After the Tragedy
Columbia accident puts NASA in the hot seat
By Ron Cowen
“We get it.” Those are the words that NASA Administrator Sean O’Keefe recited over and over again at congressional hearings earlier this month, as if they were the can-do agency’s new mantra. O’Keefe was responding to scathing criticism in the late-August report of the Columbia Accident Investigation Board. But several space historians and scientists, including former NASA employees, say that neither O’Keefe nor his agency is truly getting it.
Although the board concluded that loose insulation foam caused the demise of the Columbia shuttle and its seven-member crew last February, the panel also pointed a finger at what it regarded as NASA’s culture of complacency. An admission of guilt and a solemn promise to follow the board’s recommendations aren’t enough to keep the agency from repeating past mistakes, the critics say. NASA’s initial “return-to-flight” plan, with a stated goal of making needed repairs and organizational changes so that the remaining three shuttles can begin flying again as early as next March, was really a rush to return to business as usual, says historian Alex Roland of Duke University in Durham, N.C.
Last week, NASA announced it might not be ready to test-fly the shuttle until next summer because it didn’t know when it could meet one of the board’s key recommendations–having an in-flight repair kit to patch large holes in the shuttle surface.
The accident report was “excellent” at describing what led to the Columbia disaster, says Roland. But the report doesn’t address, and NASA officials still aren’t confronting, whether human space flight should continue and, if it does, what its destinations should be, he adds.
The United States has lost 17 astronauts in space accidents, including two shuttle disasters 17 years apart.
Historian Robert Smith of the University of Alberta in Edmonton notes that one of NASA’s dilemmas is that the shuttle is the only vehicle the agency has to continue ferrying crew members and materials to the multibillion-dollar International Space Station.
Given the number of international partners who have invested in the space station, ditching it is no longer an option, says Wesley T. Huntress of the Carnegie Institution of Washington (D.C.), who was associate administrator for the agency’s space science program from 1992 to 1998. “It’s not our space station, it’s the world’s, and we have an obligation to complete it,” he asserts.

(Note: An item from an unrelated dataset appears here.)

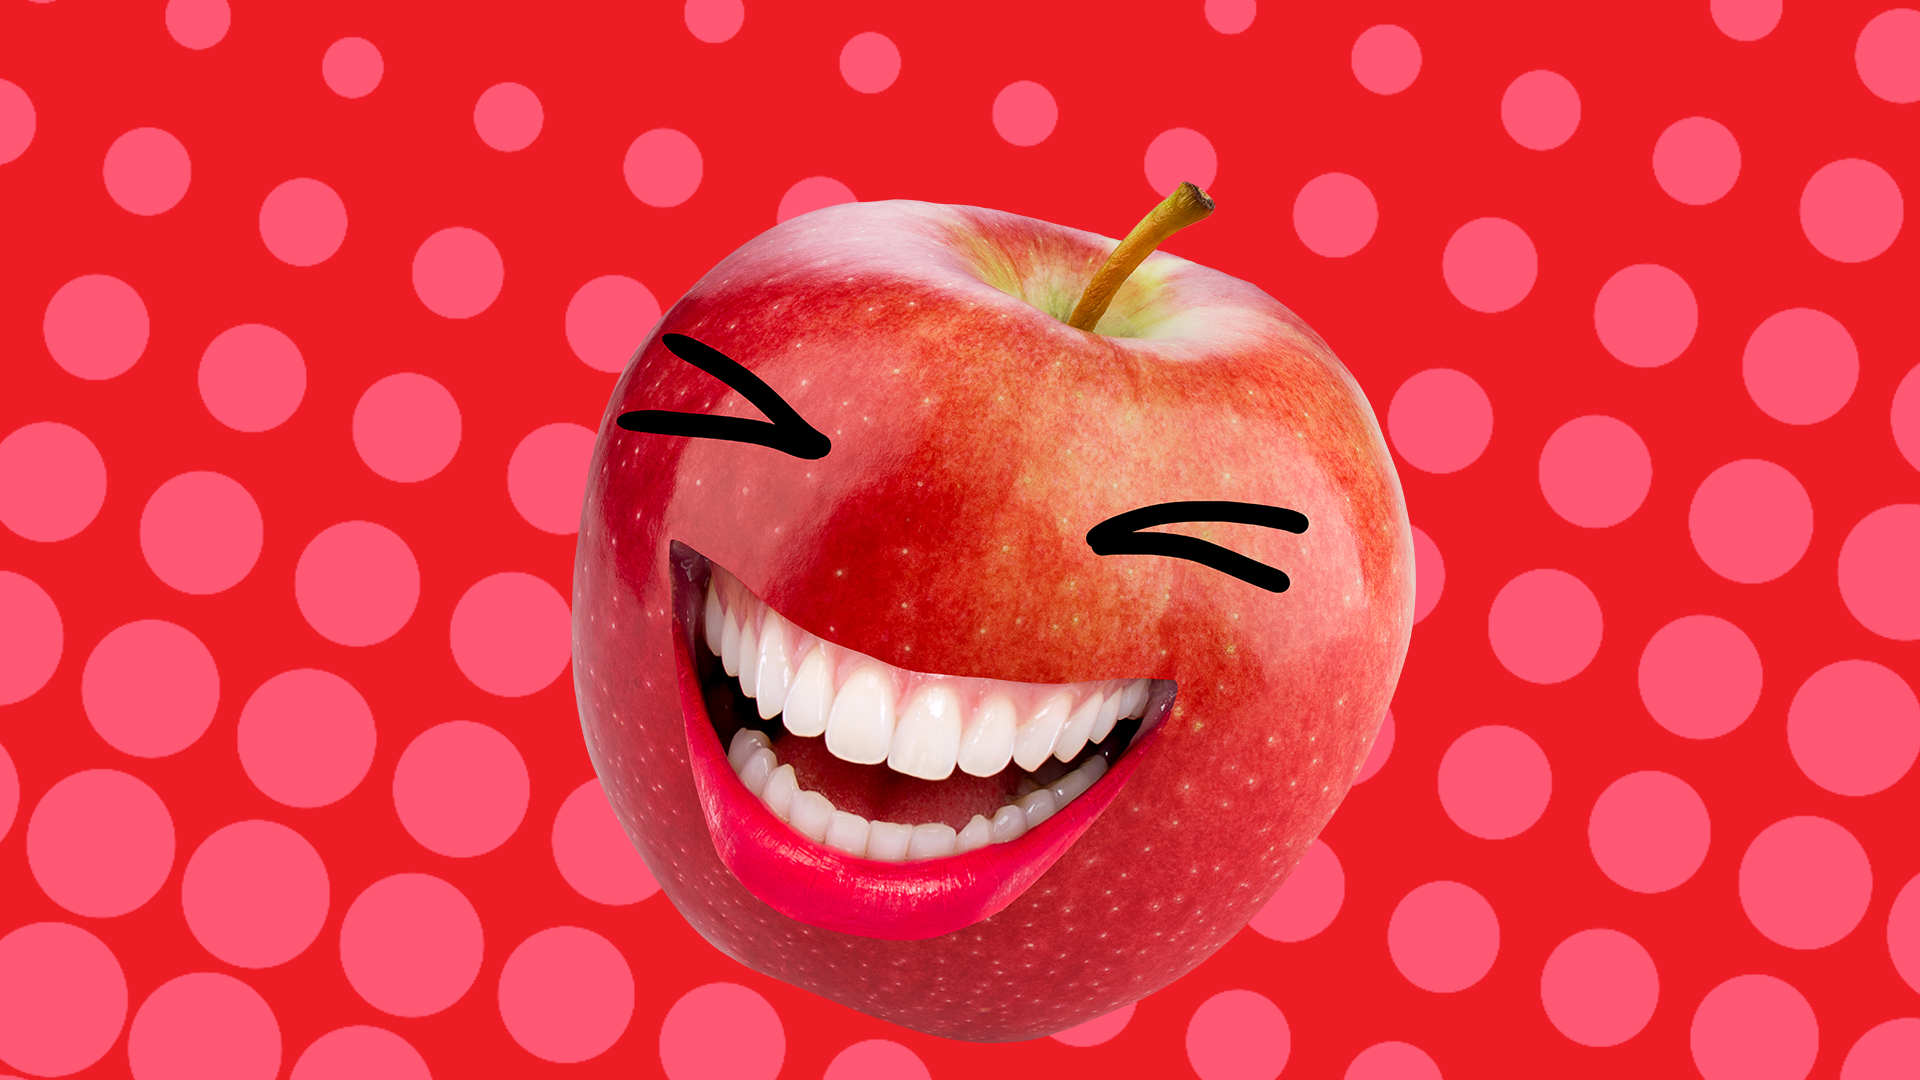 Laughing apple on red background

Delays in shuttle flights during the 1990s pushed back the projected completion of the space station to 2007 and increased costs just as NASA’s budget was being cut. Those setbacks led to a NASA mentality that almost no flaw encountered could stop or cut short a shuttle flight, notes historian Howard E. McCurdy of American University in Washington, D.C. McCurdy speculates that that outlook led NASA managers to accept the contractors’ assessment that the chunk of foam hitting Columbia’s left wing on takeoff–which engineers spotted on film the next day–was of little consequence.
Toward the future
Since the 1980s, NASA and its contractors have proposed a multitude of vehicles to replace the shuttle, but all the designs have been scrapped (SN: 4/5/03, p. 215: Building a Better Shuttle). Before any shuttle is flown again, McCurdy says, NASA must begin building an alterative; otherwise, “it never will.”
Huntress says that a space capsule like the capsules flown during the Apollo missions and still flown by the Russian-Soyuz cosmonauts could safely and simply ferry crews to and from the space station. Despite the capsule’s excellent safety record, he says, enthusiasm for a high-tech, winged vehicle–underpinning what Huntress calls NASA’s “joystick culture”–has buoyed support for the shuttle.
The agency should commit to retiring the entire fleet after a limited number of new flights, says McCurdy. “It ought to be inscribed on the front of the [agency’s] building that the last shuttle will be flown by date XX,” he asserts.
Another factor besides NASA’s culture may have played a role in Columbia’s demise, McCurdy says. The agency no longer has the in-house technological resources to check and recheck the many tests used to certify flights and to troubleshoot. To lower its costs, the agency farmed out many of those functions to the same contractors that built the equipment.
Roland, who worked at NASA headquarters from 1973 to 1981, says he’s heartened that the accident board plans to reconvene in a year to see whether NASA has followed through on its safety promises. Less encouraging, he says, is that the panel appointed by NASA to oversee the agency’s progress consists largely of current and past agency employees.
That panel’s cochair, former astronaut Richard O. Covey, recently announced that his committee couldn’t yet determine when shuttles would be ready to fly again. He notes that the agency has yet to devise a detailed plan for an independent safety and engineering organization within NASA.
“Maintaining vigilance over the long term won’t be easy,” says Roland. With NASA’s every move now under scrutiny, “it won’t be the first flight after Columbia that will have the problem–it might be the one 5 years from now,” he predicts.